__DATASET EXCERPT__:
--- START ---

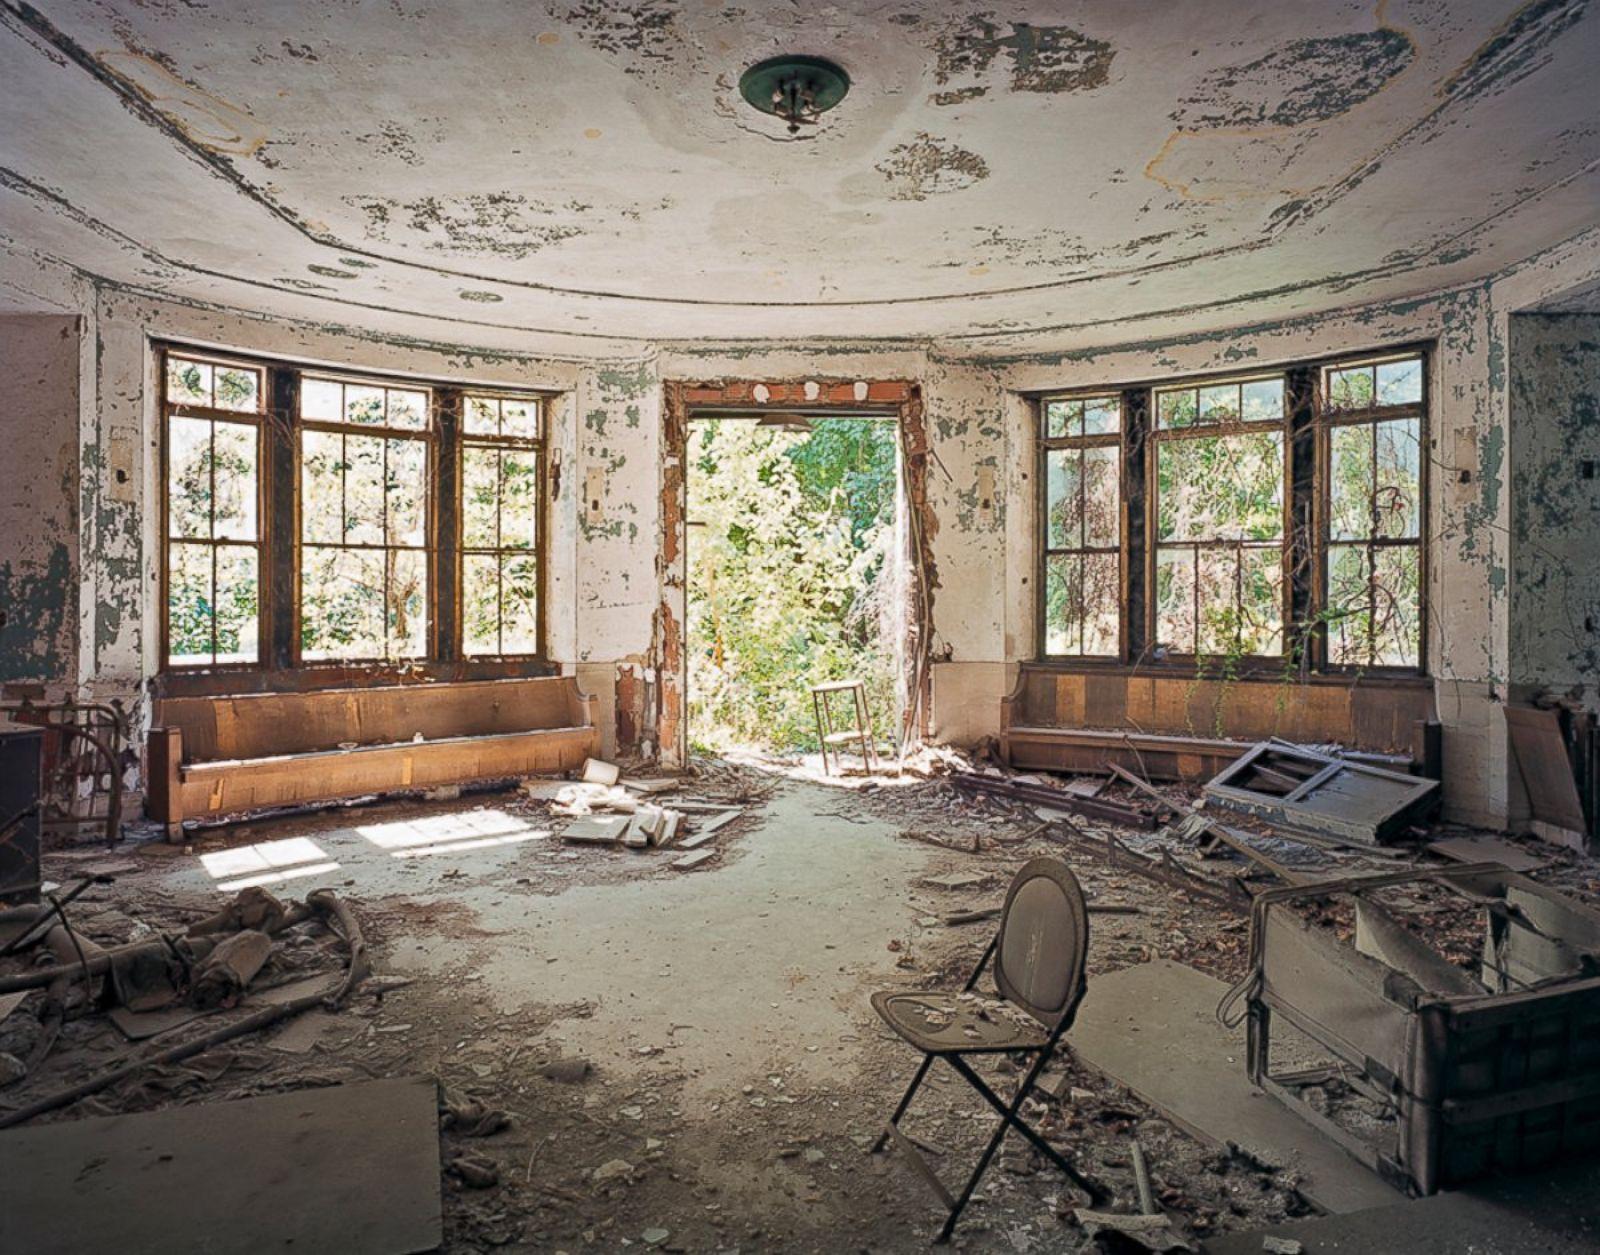 hidden cam inside bronx home
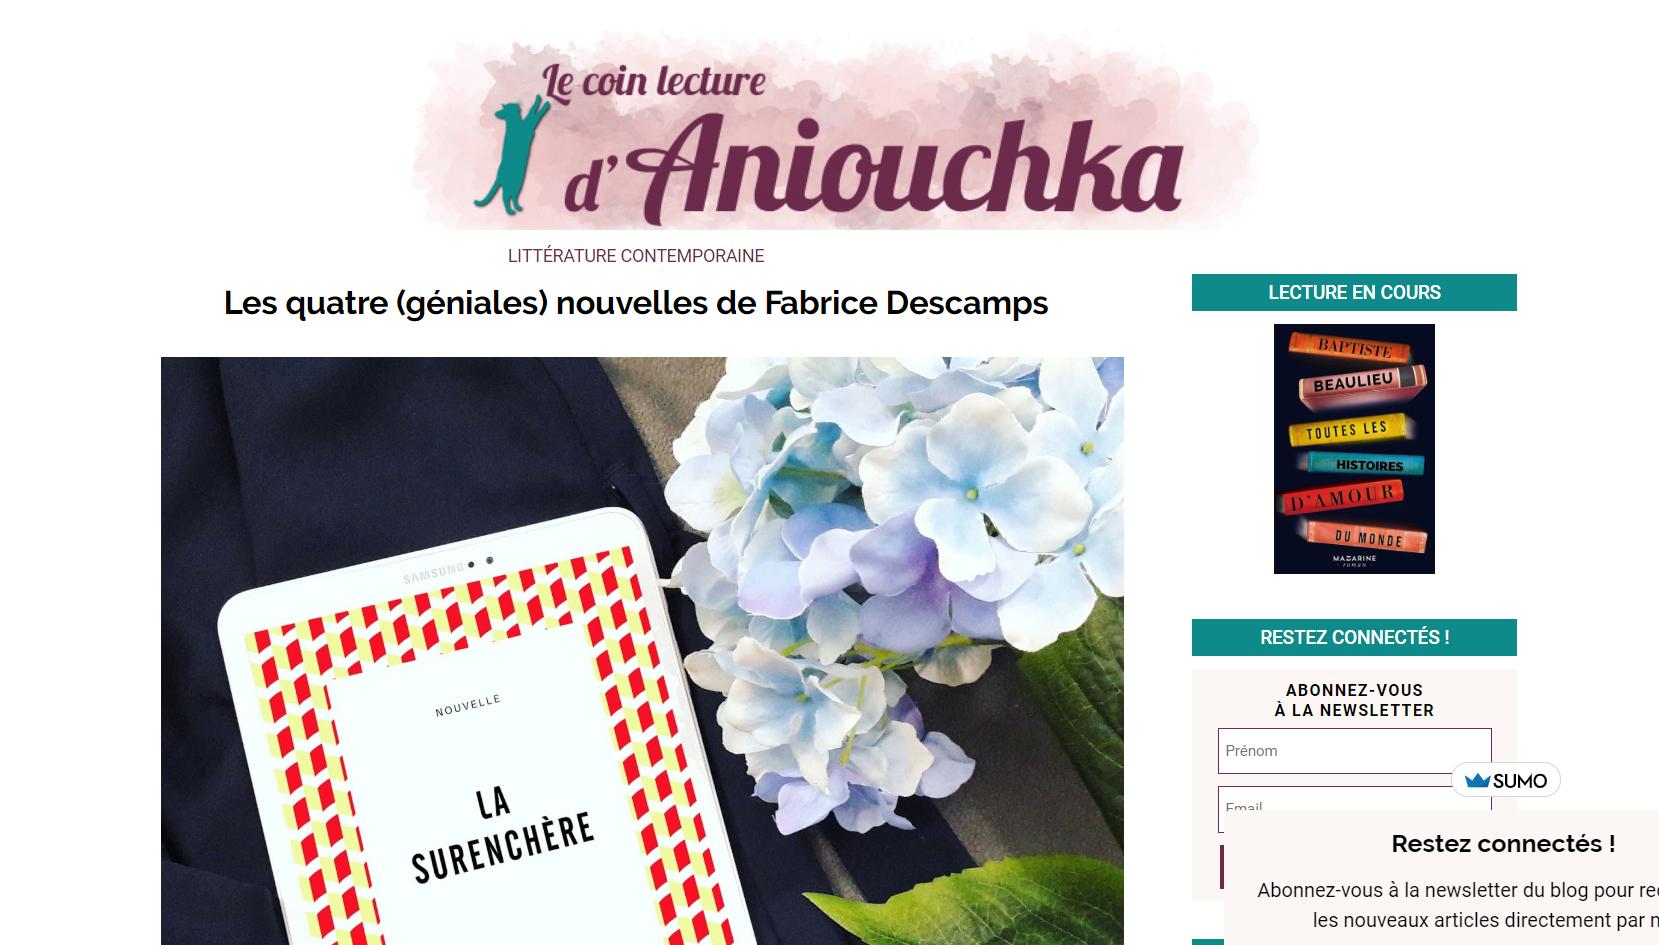 Le coin lecture d'Aniouchka : nouvelles de Fabrice Décamps
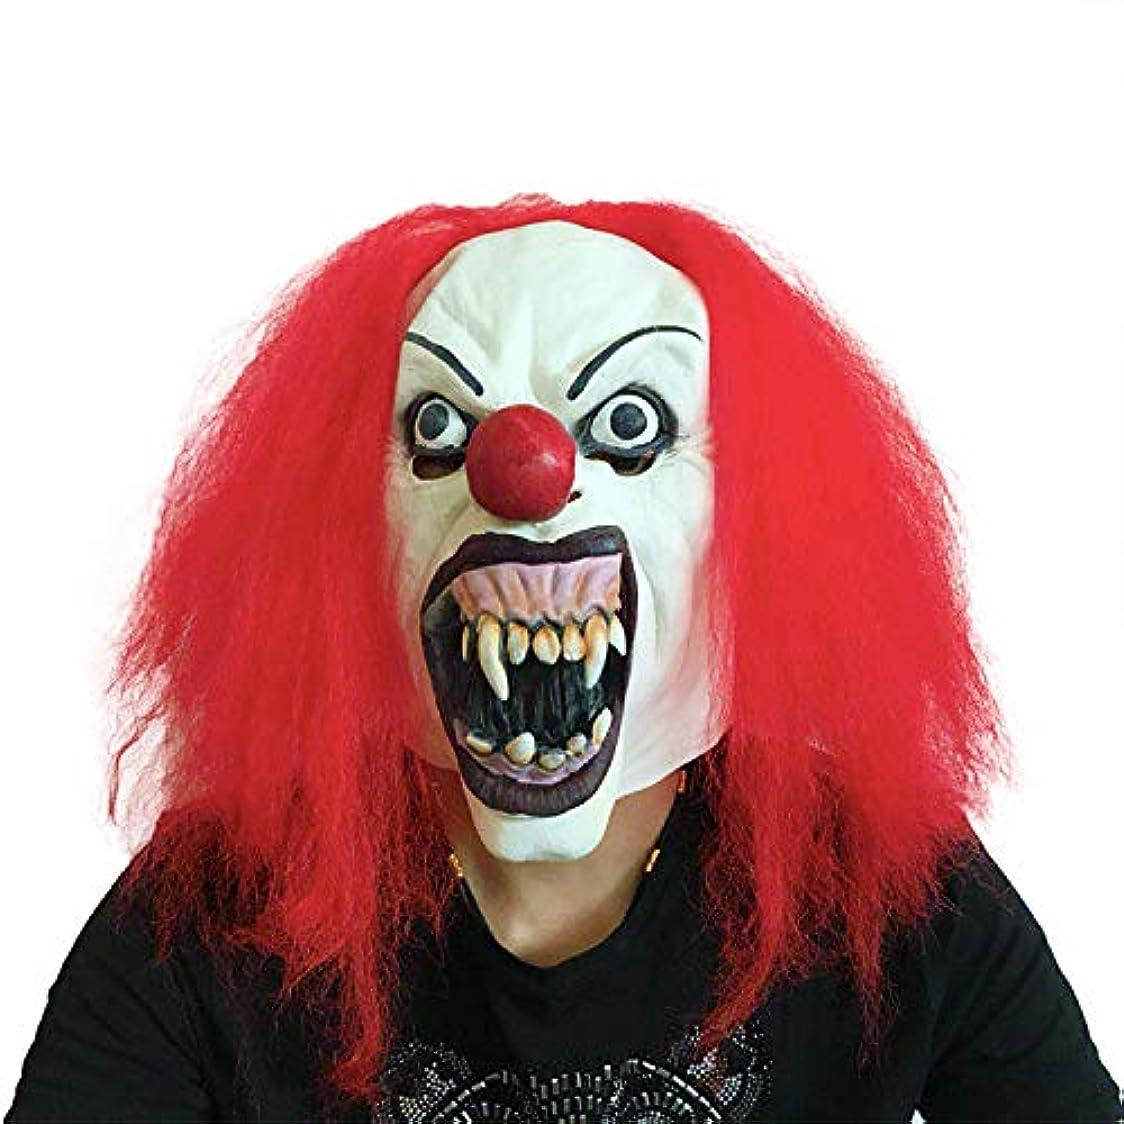 再現するロケット不誠実ハロウィーン仮装パフォーマンスをマスクおかしいピエロは、スプーフィング赤毛の幽霊を怖い小道具ショー
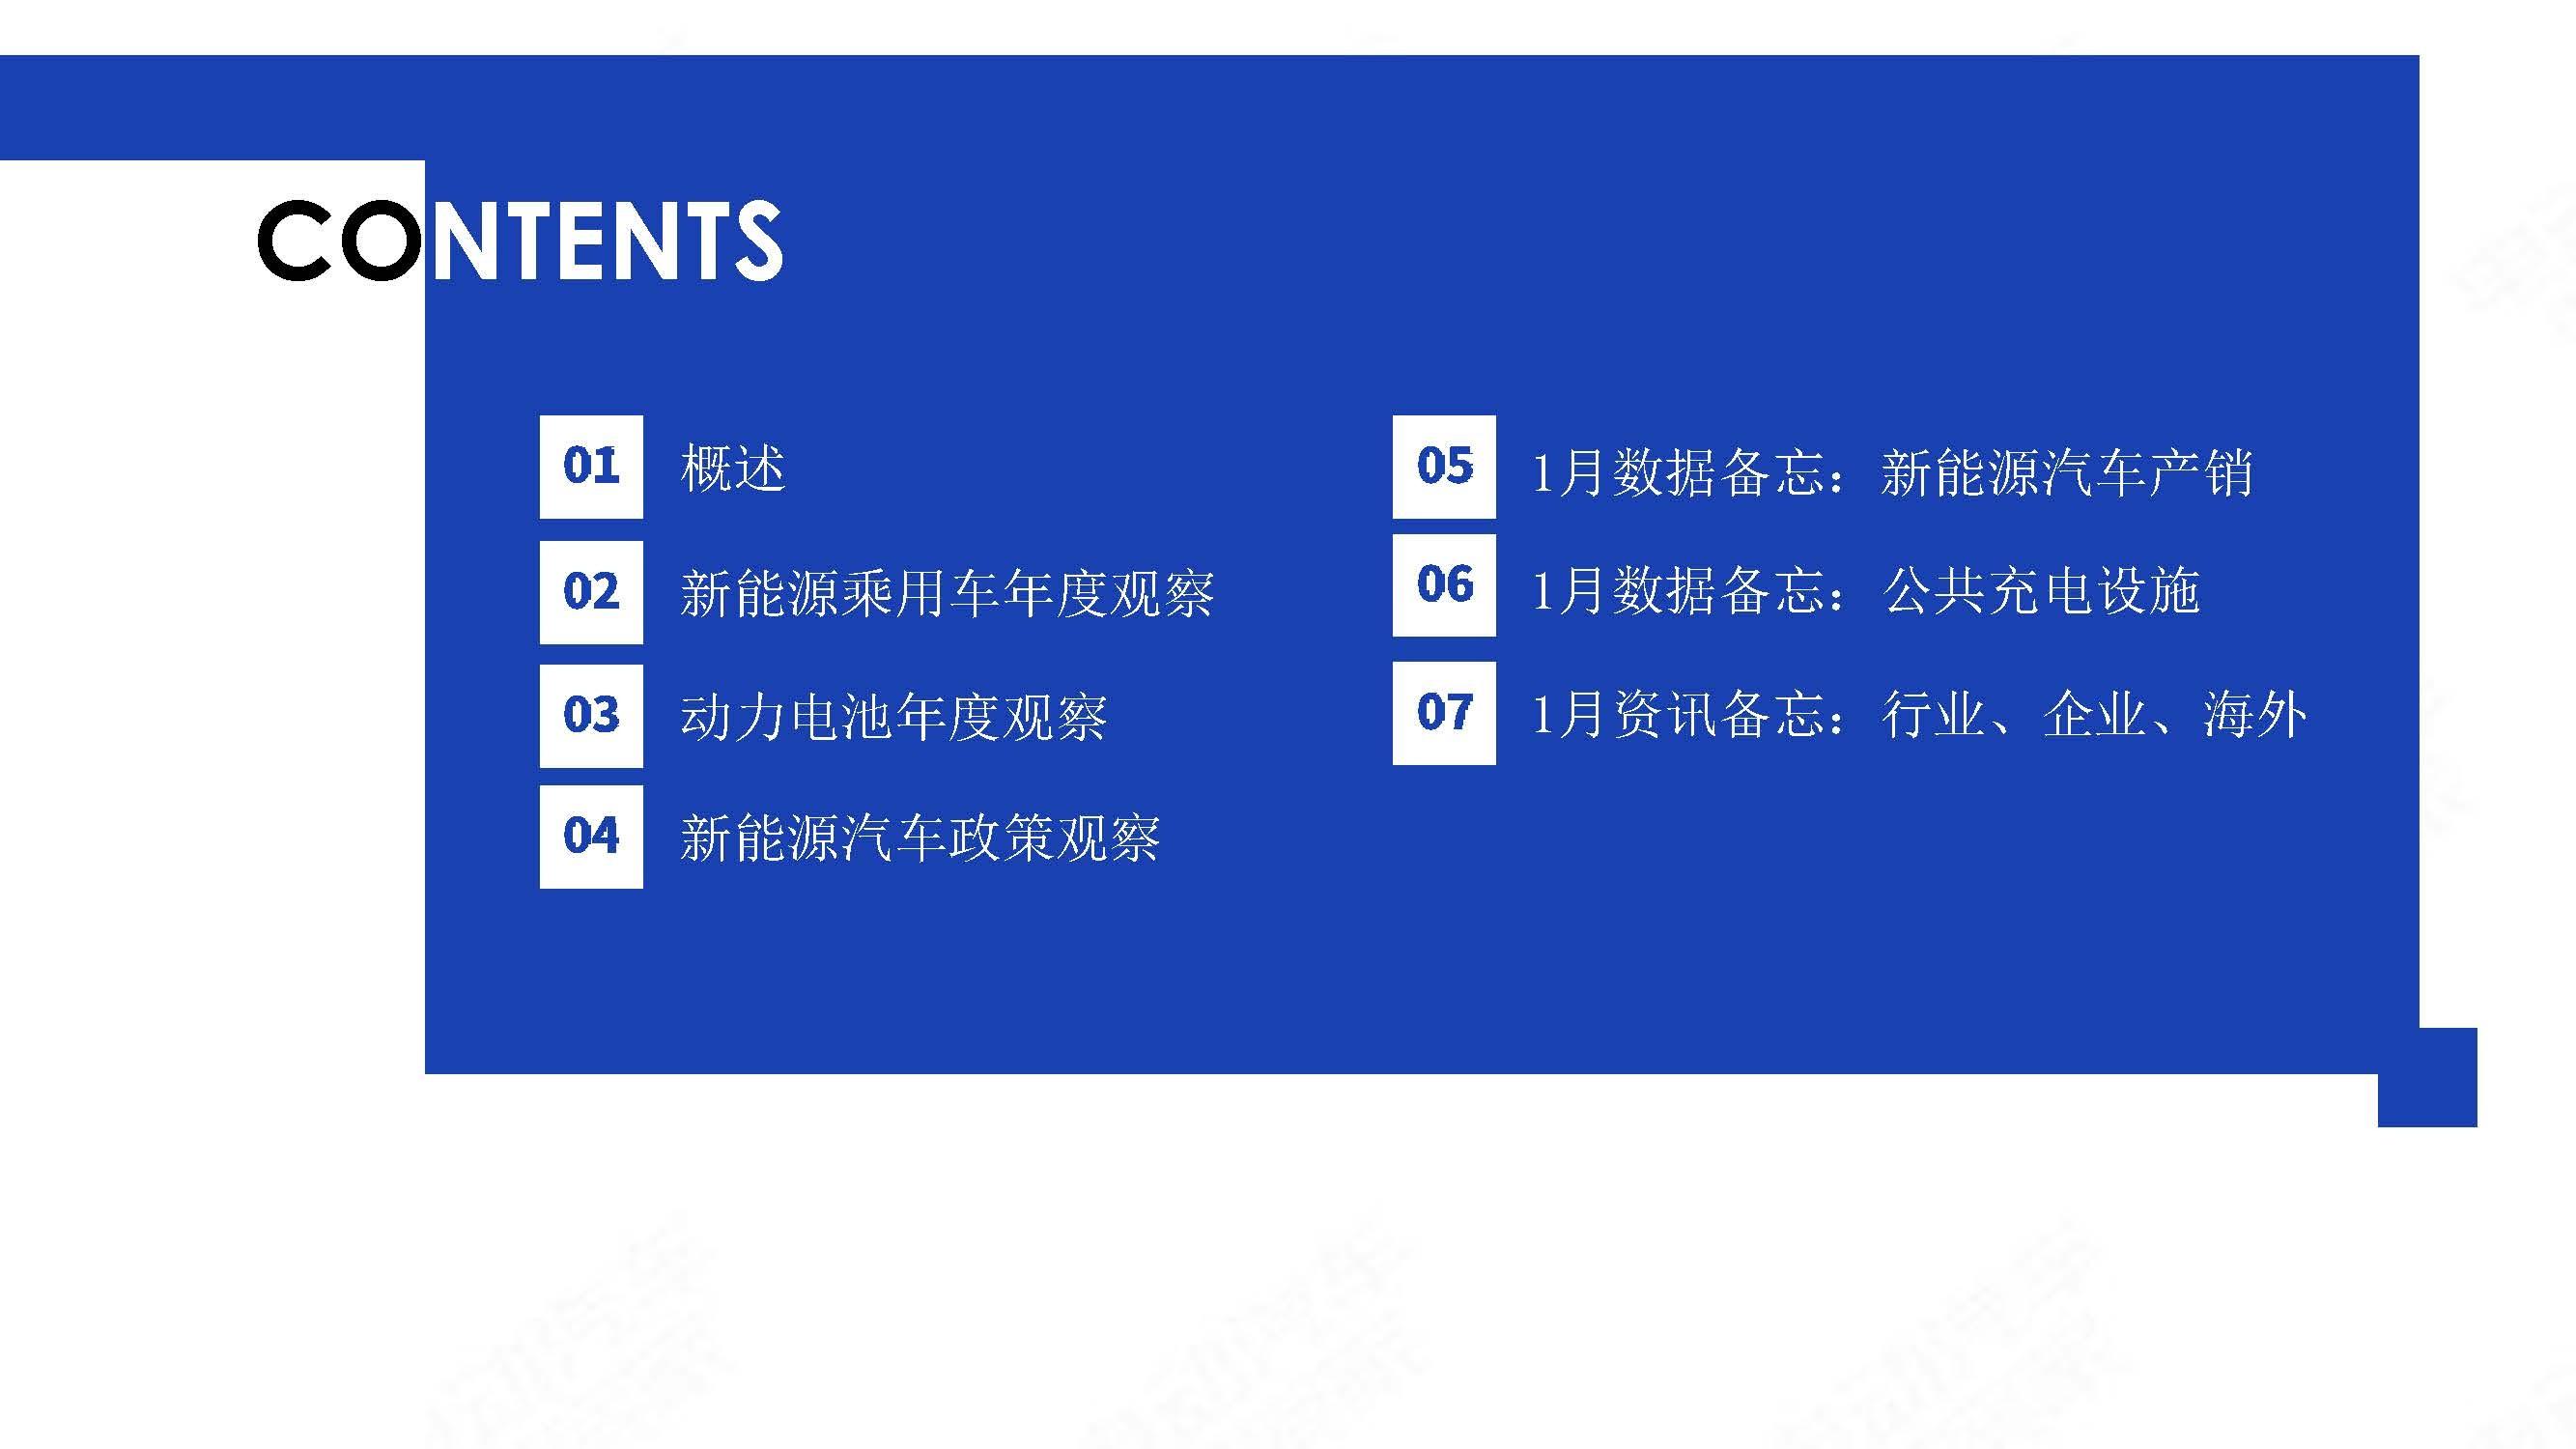 中国新能源汽车产业观察202001简略版_页面_02

--- END ---

__EXERCISE DIRECTIONS__:
All that is needed is the lines from the line holding "再現するロケット不誠実ハロウ" to the final line of the listing above, repeated exactly, pictures excluded.

__RESULT__:
 再現するロケット不誠実ハロウィーン仮装パフォーマンスをマスクおかしいピエロは、スプーフィング赤毛の幽霊を怖い小道具ショー
 中国新能源汽车产业观察202001简略版_页面_02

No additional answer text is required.